**Supplied data**.
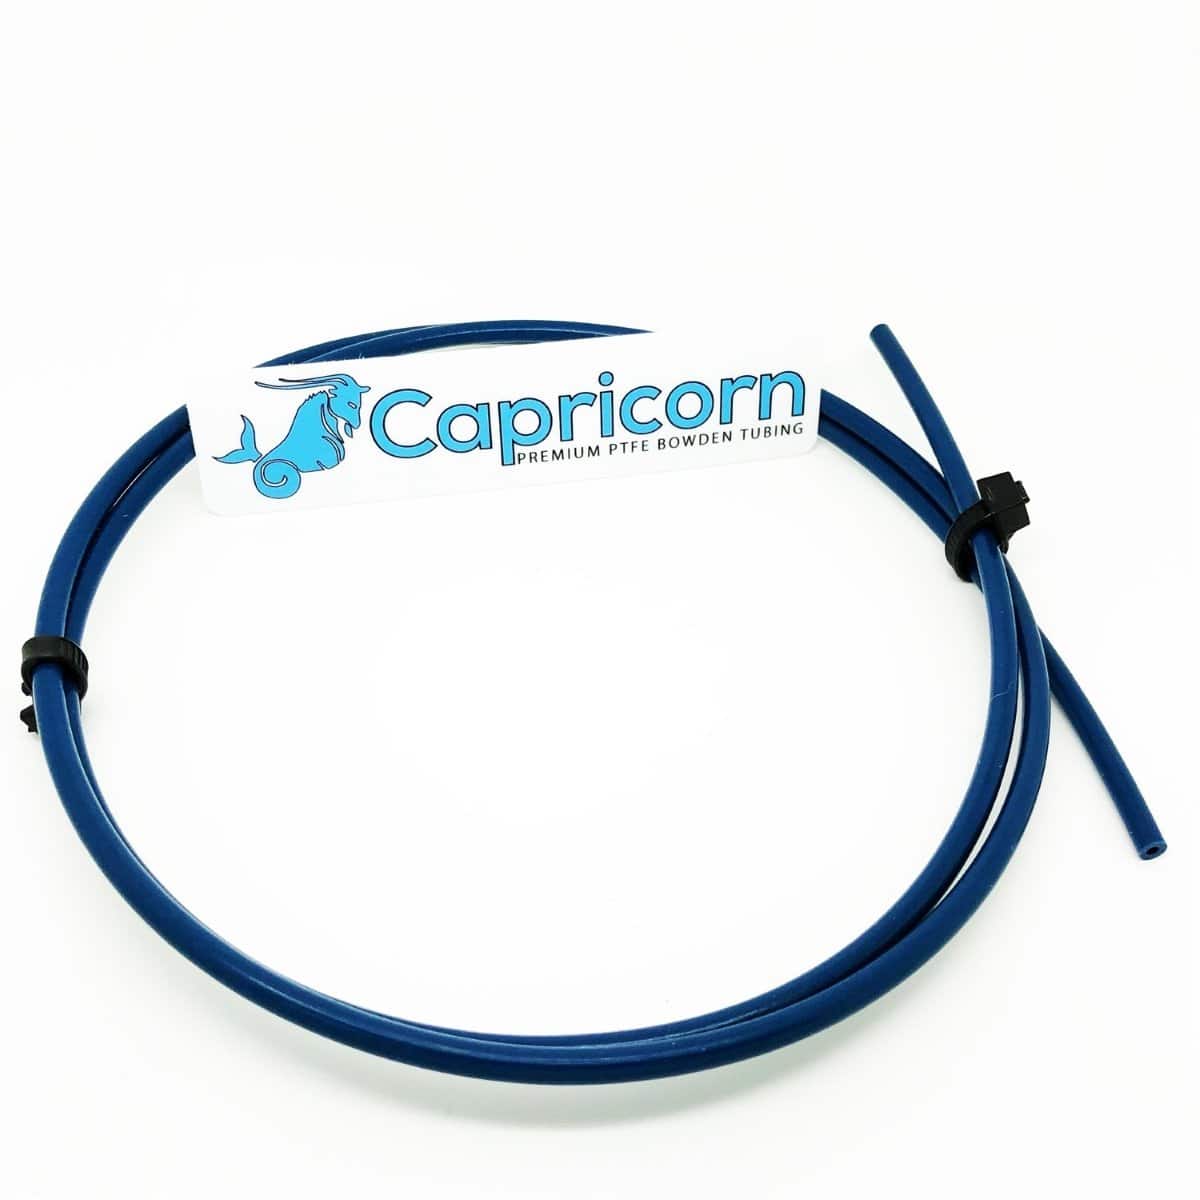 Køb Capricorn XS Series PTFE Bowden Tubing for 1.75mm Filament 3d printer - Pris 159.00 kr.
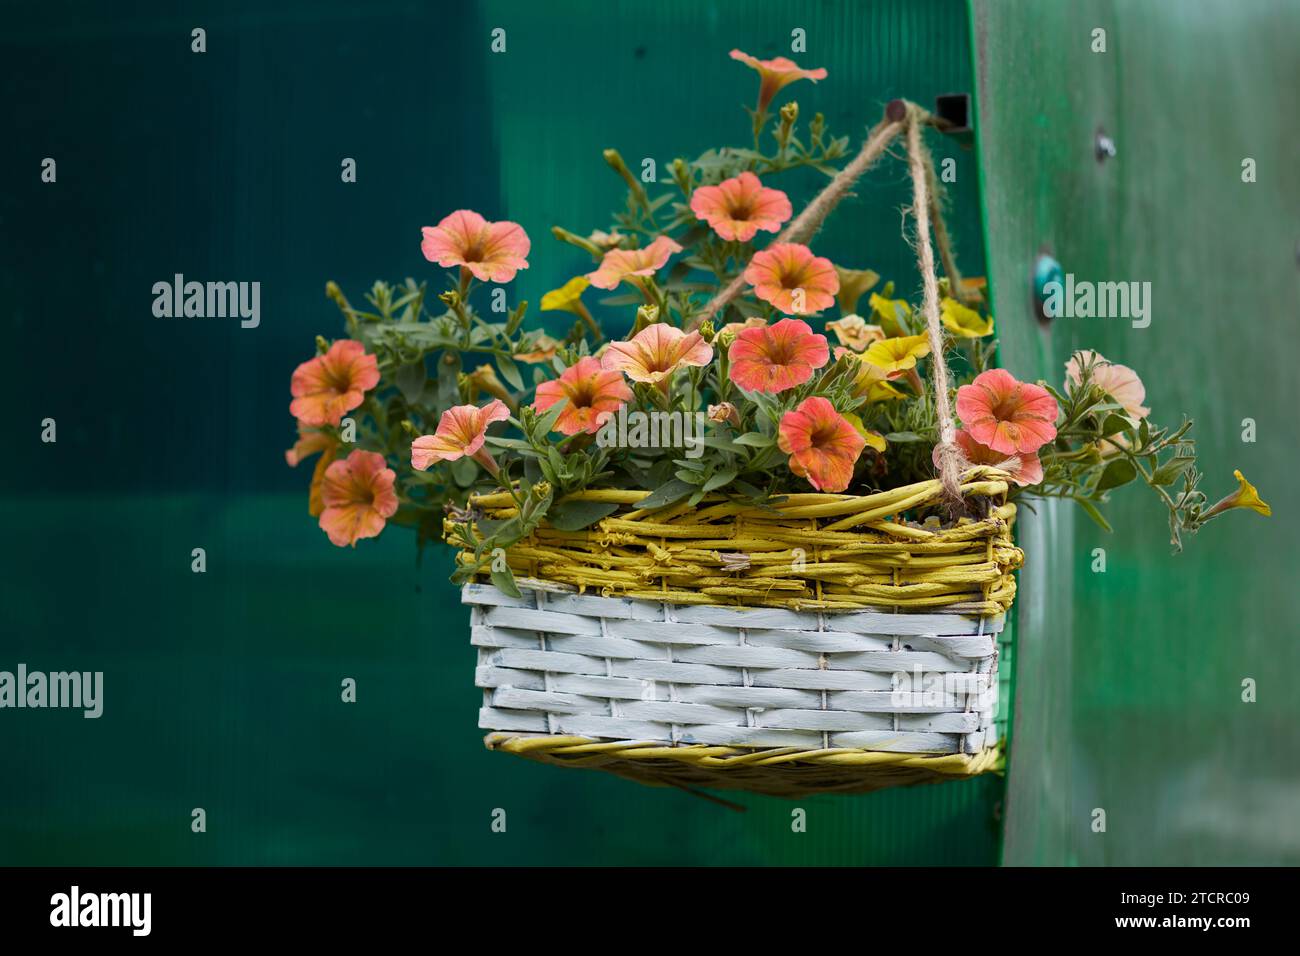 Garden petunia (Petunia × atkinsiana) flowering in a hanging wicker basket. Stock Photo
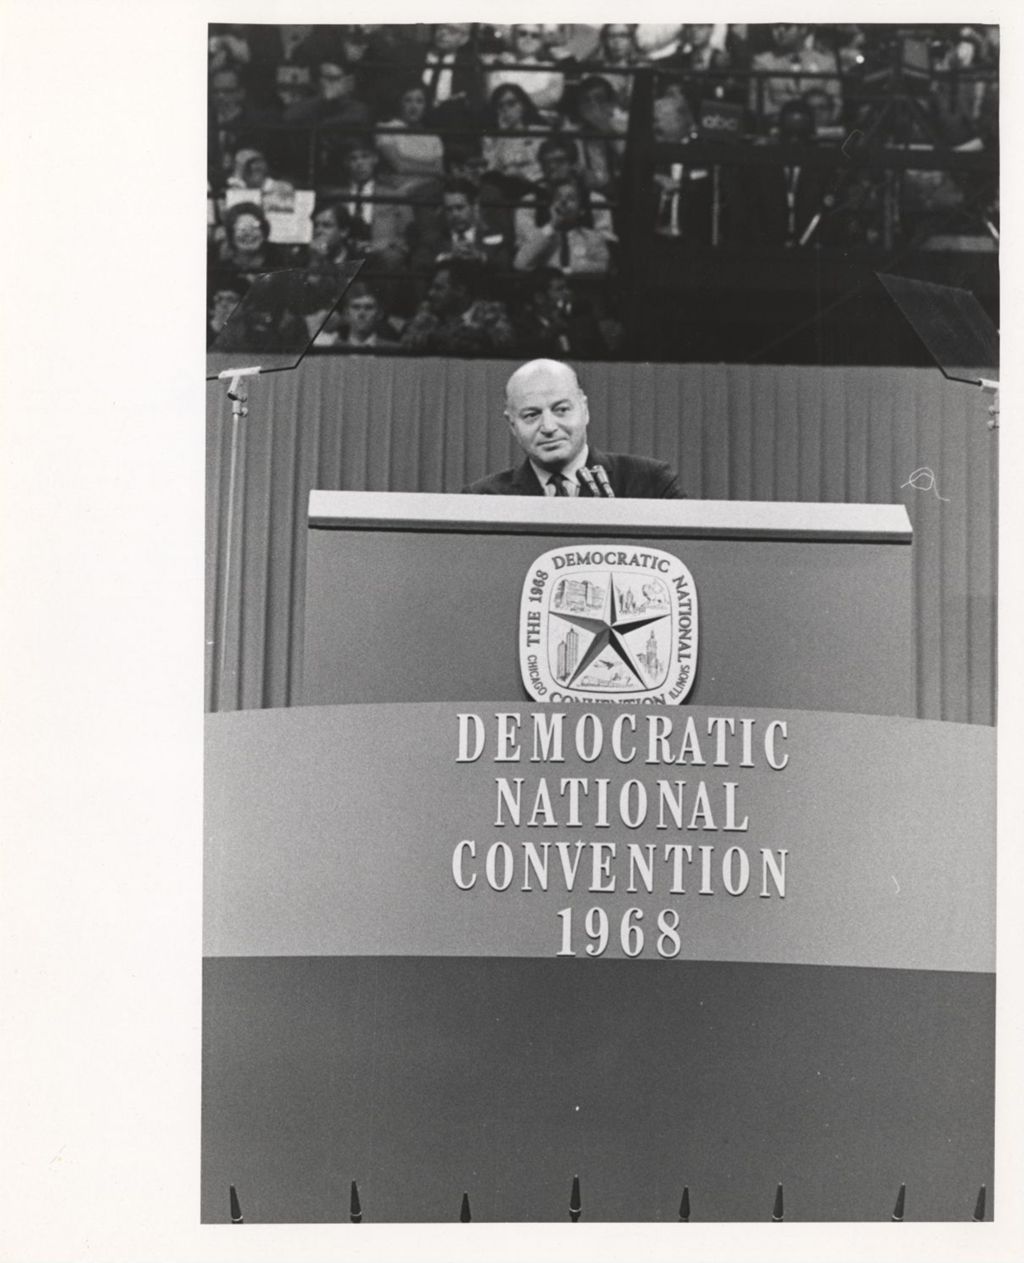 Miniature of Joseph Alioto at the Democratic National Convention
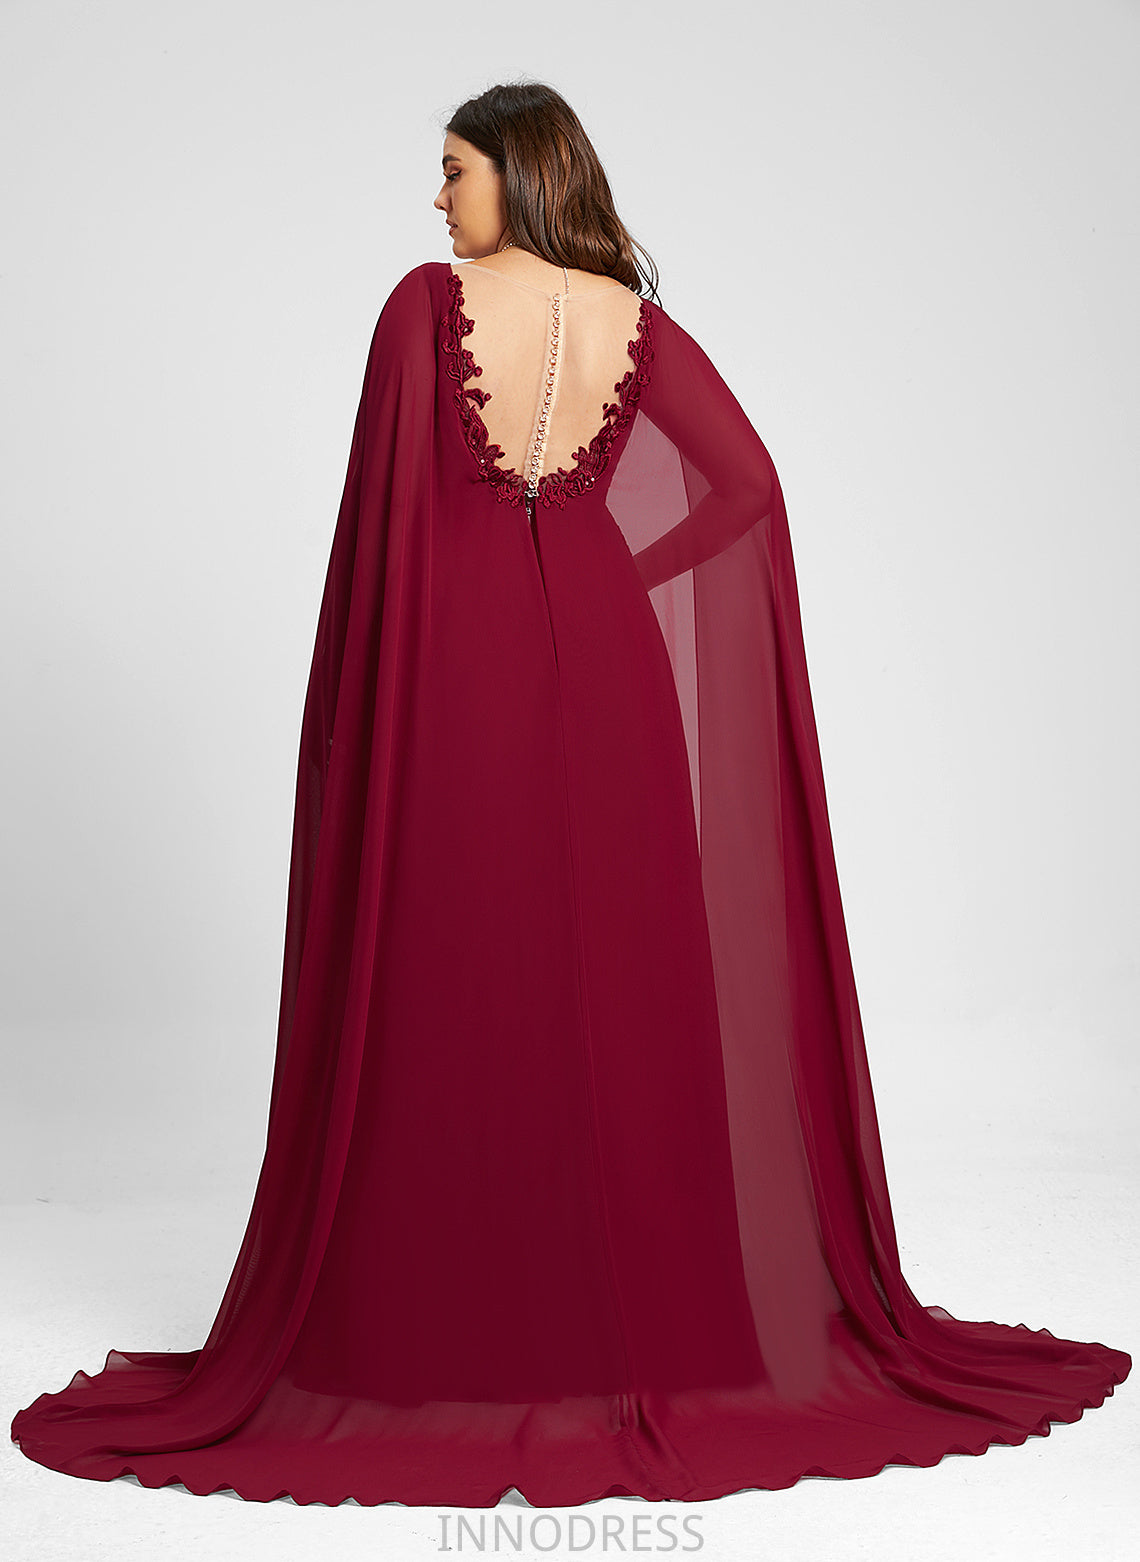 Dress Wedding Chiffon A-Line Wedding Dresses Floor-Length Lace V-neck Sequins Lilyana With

**What you have to do**. Produce an exact copy of every line above, with the images left out.

**Expected output**.
 Køb Capricorn XS Series PTFE Bowden Tubing for 1.75mm Filament 3d printer - Pris 159.00 kr.
 Garden petunia (Petunia × atkinsiana) flowering in a hanging wicker basket. Stock Photo
 Miniature of Joseph Alioto at the Democratic National Convention
 Dress Wedding Chiffon A-Line Wedding Dresses Floor-Length Lace V-neck Sequins Lilyana With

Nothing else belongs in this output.